**Task objective**:
Your copy of the lines below must match them exactly and contain no images.

**Source material**:
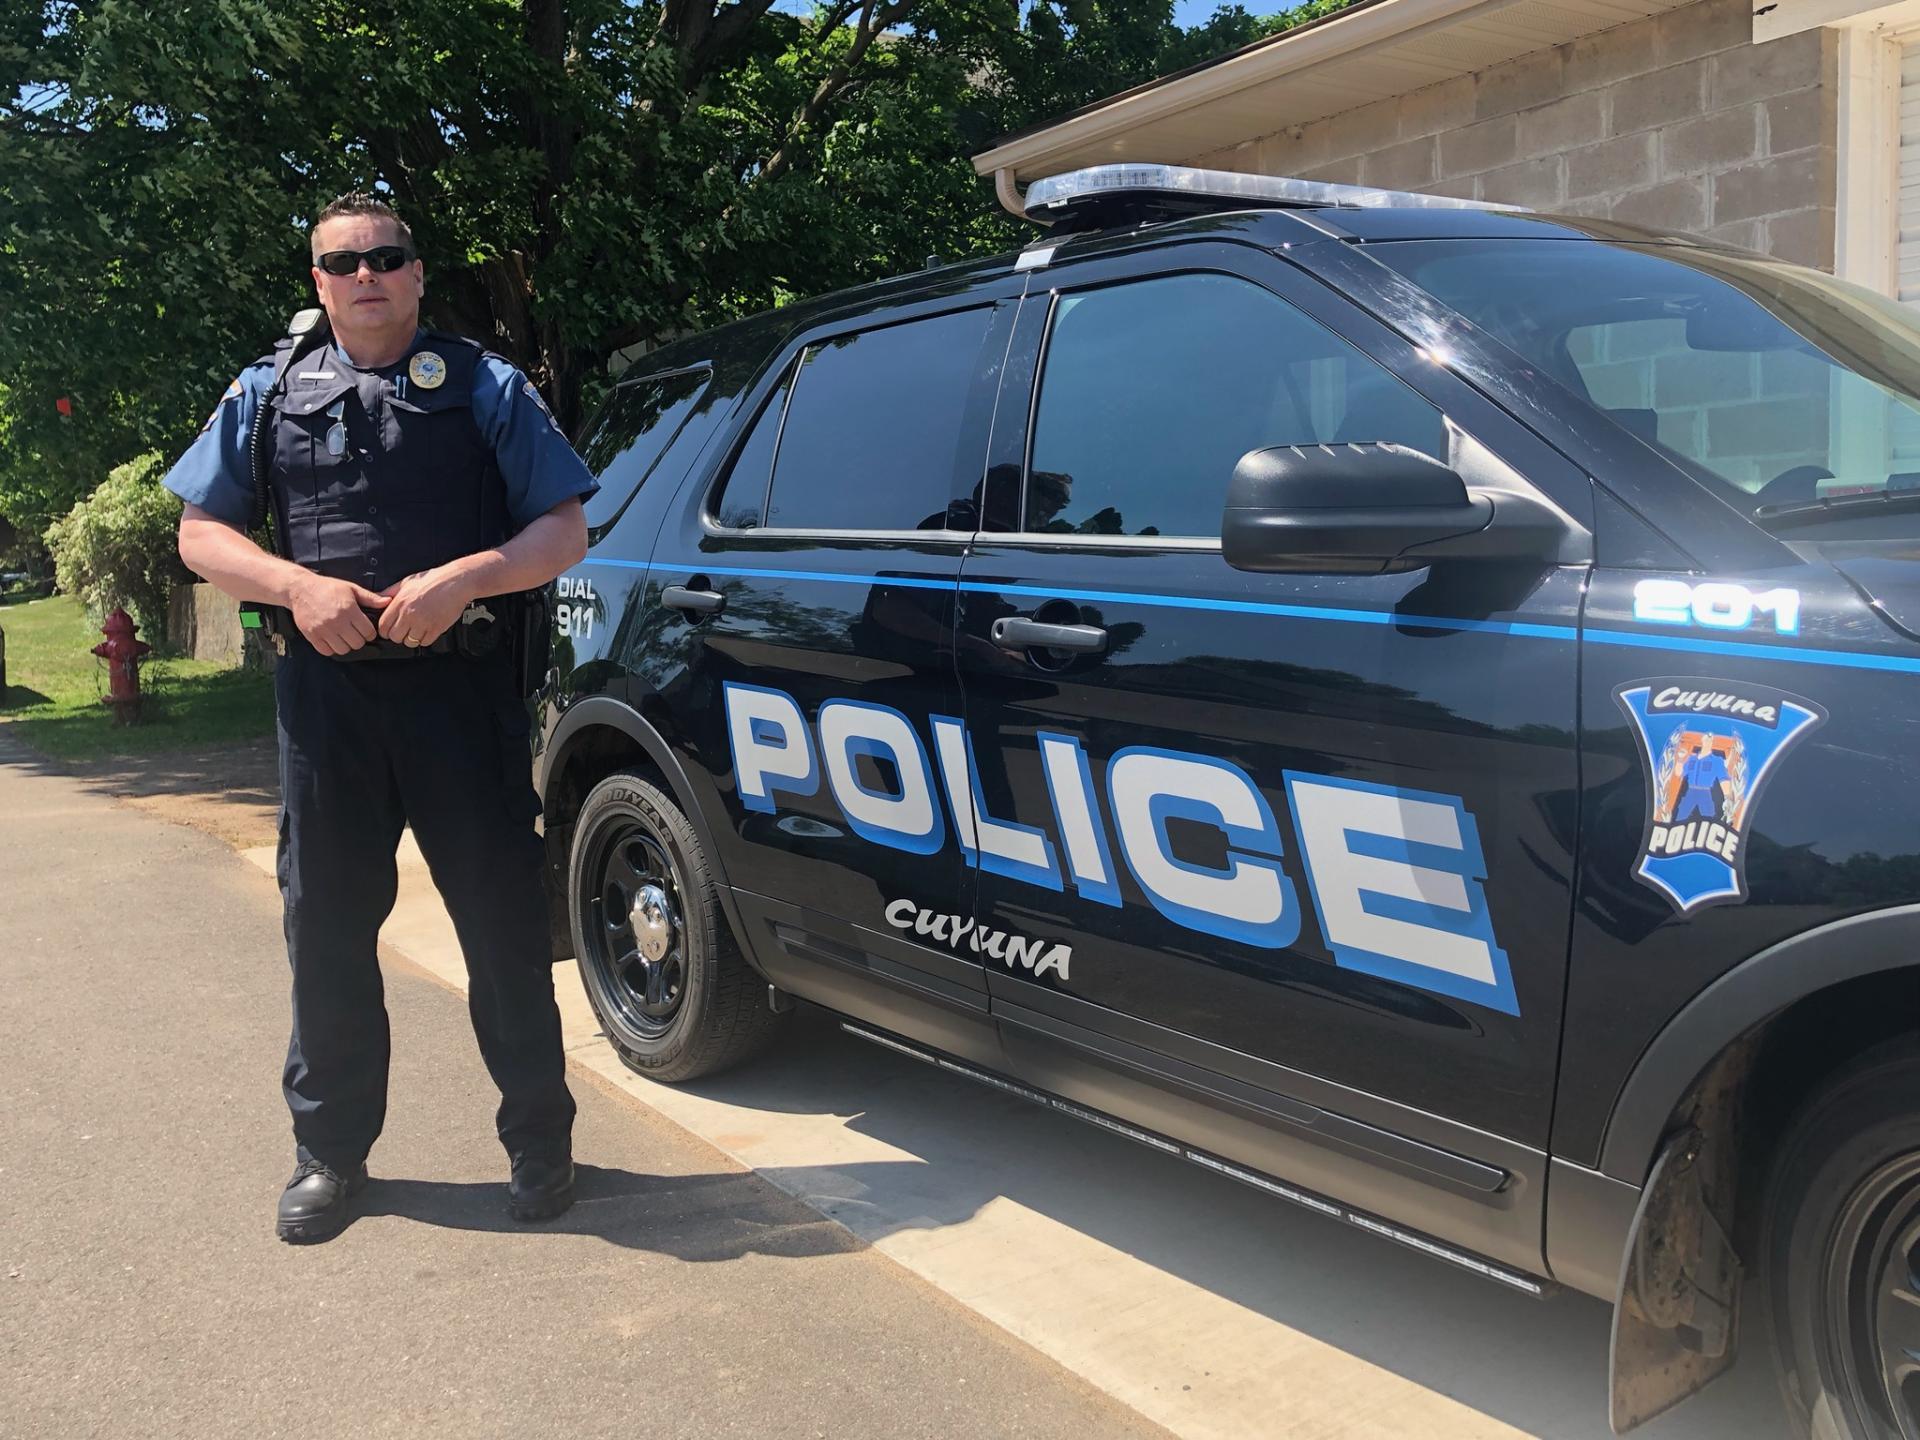 Officer Rick Kangas
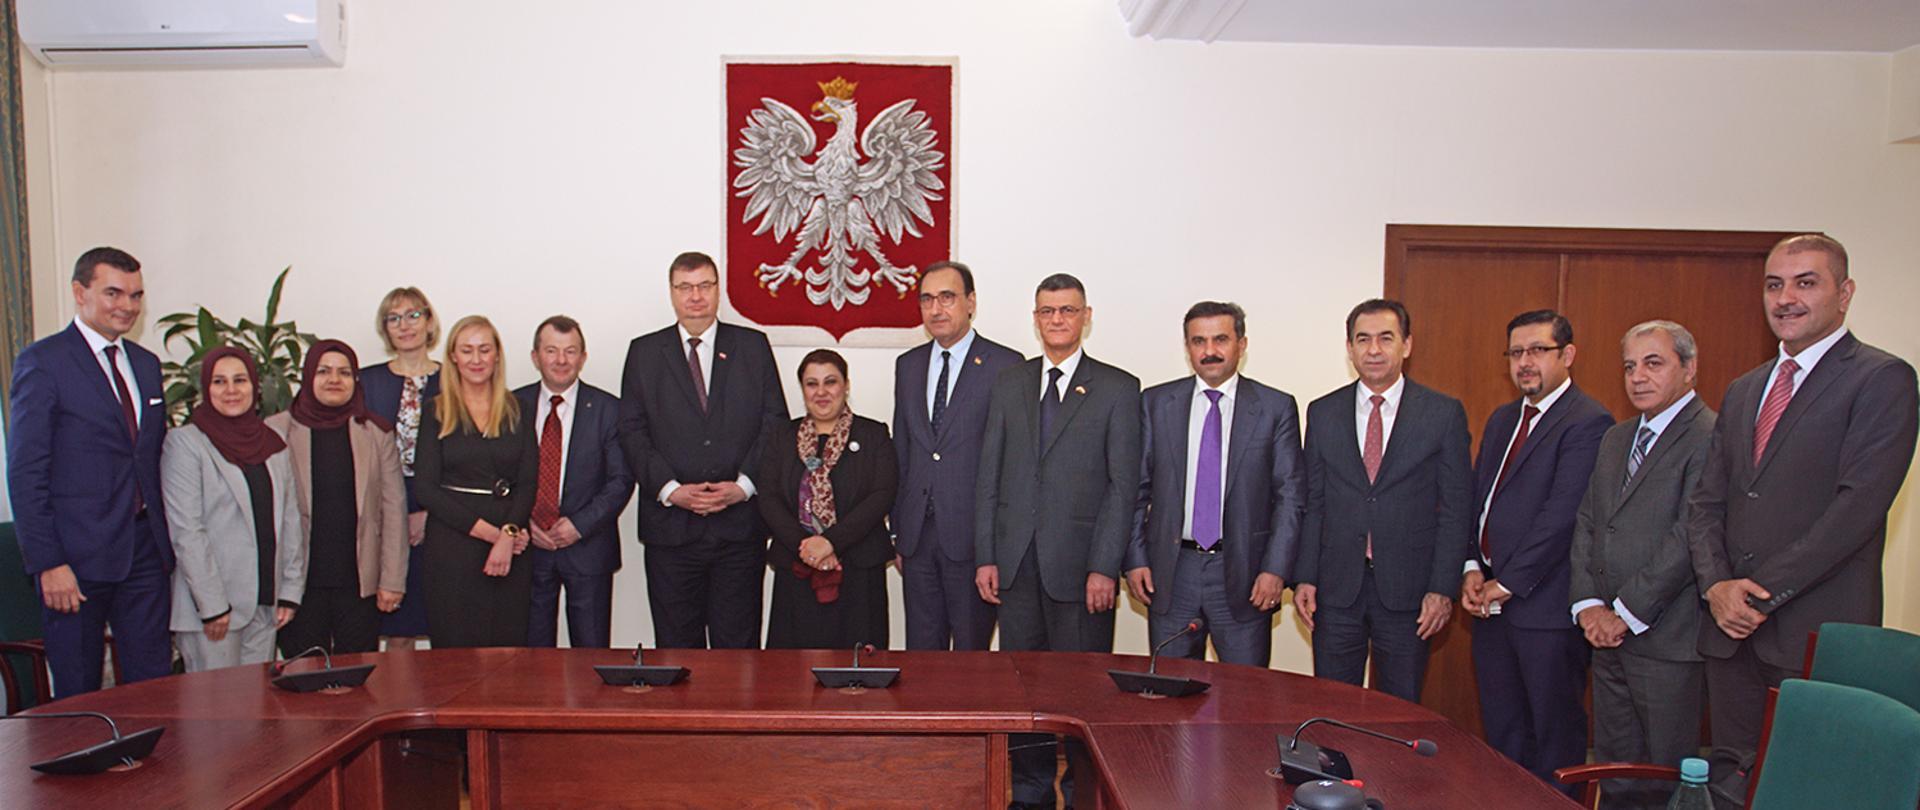 G+é+-wne_Spotkanie_z_delegacj¦ů_z_Kurdystanu
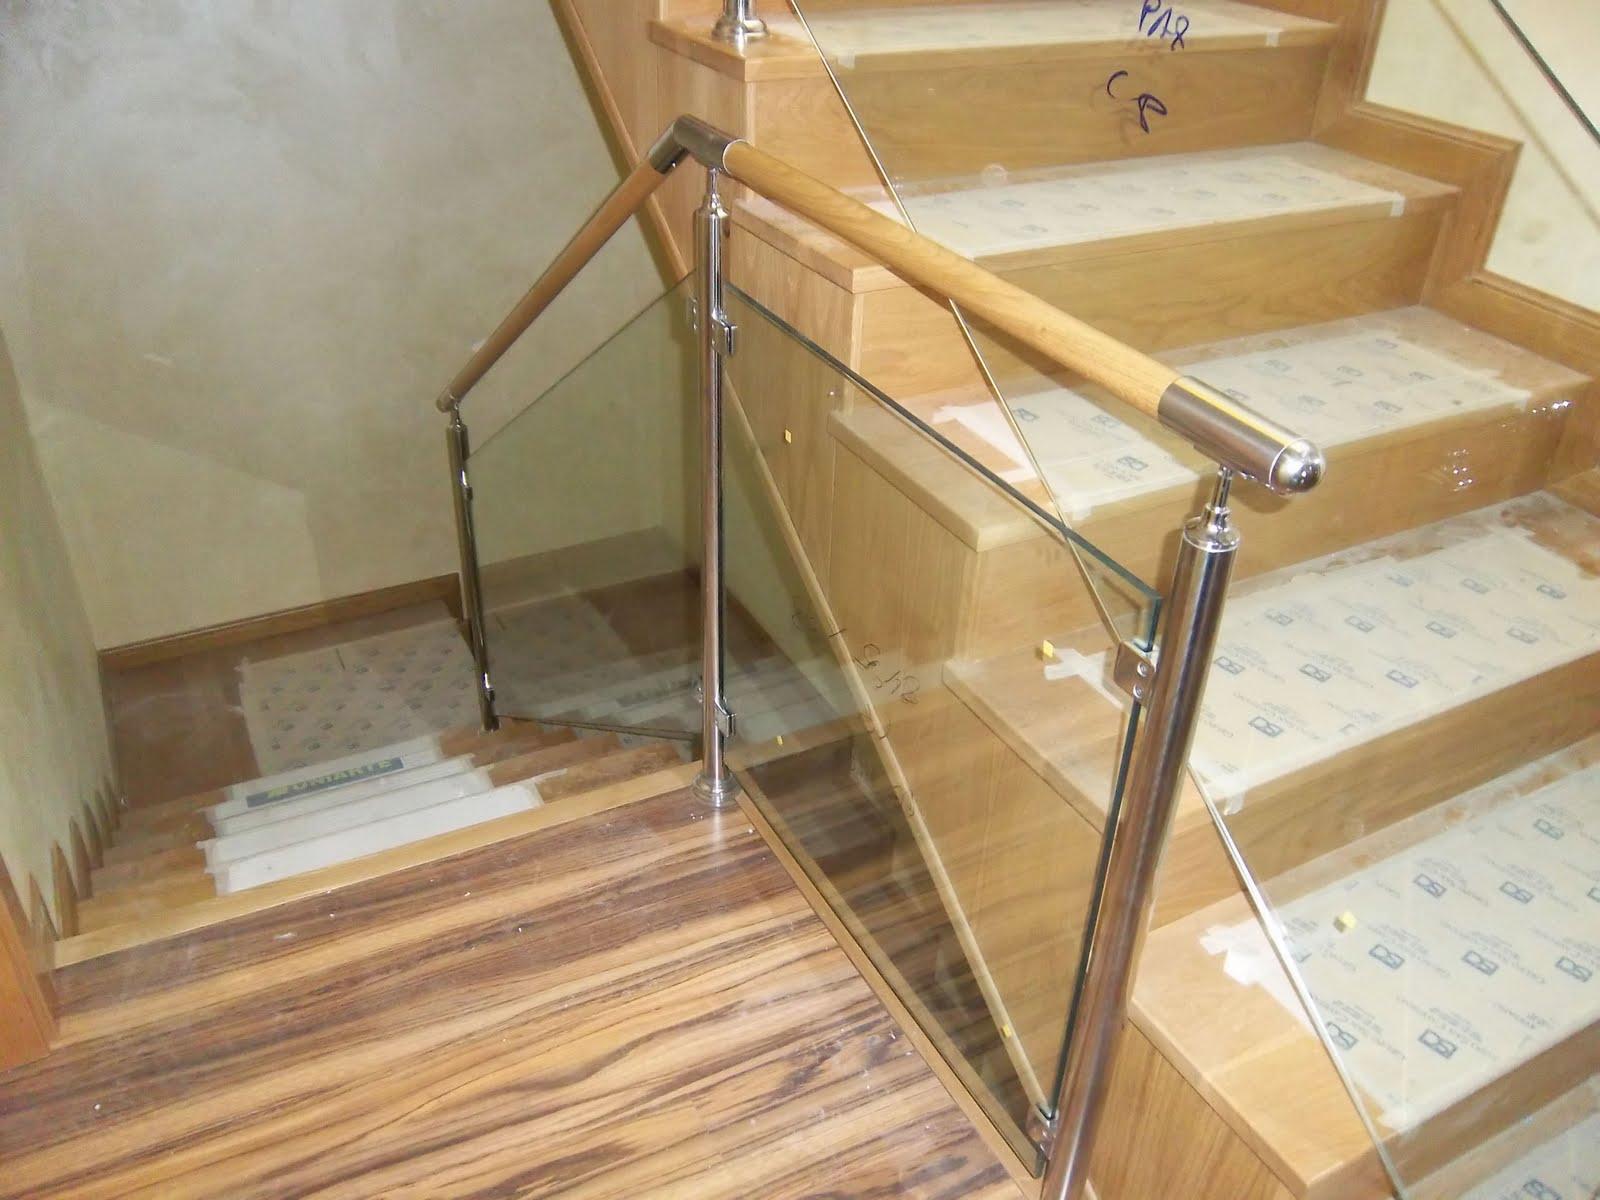 Norbel carpinteria met lica y acero inoxidable barandilla de inox cristal y pasamanos de madera - Pasamanos de cristal ...

**Task response**:
 Officer Rick Kangas
 G+é+-wne_Spotkanie_z_delegacj¦ů_z_Kurdystanu
 Norbel carpinteria met lica y acero inoxidable barandilla de inox cristal y pasamanos de madera - Pasamanos de cristal ...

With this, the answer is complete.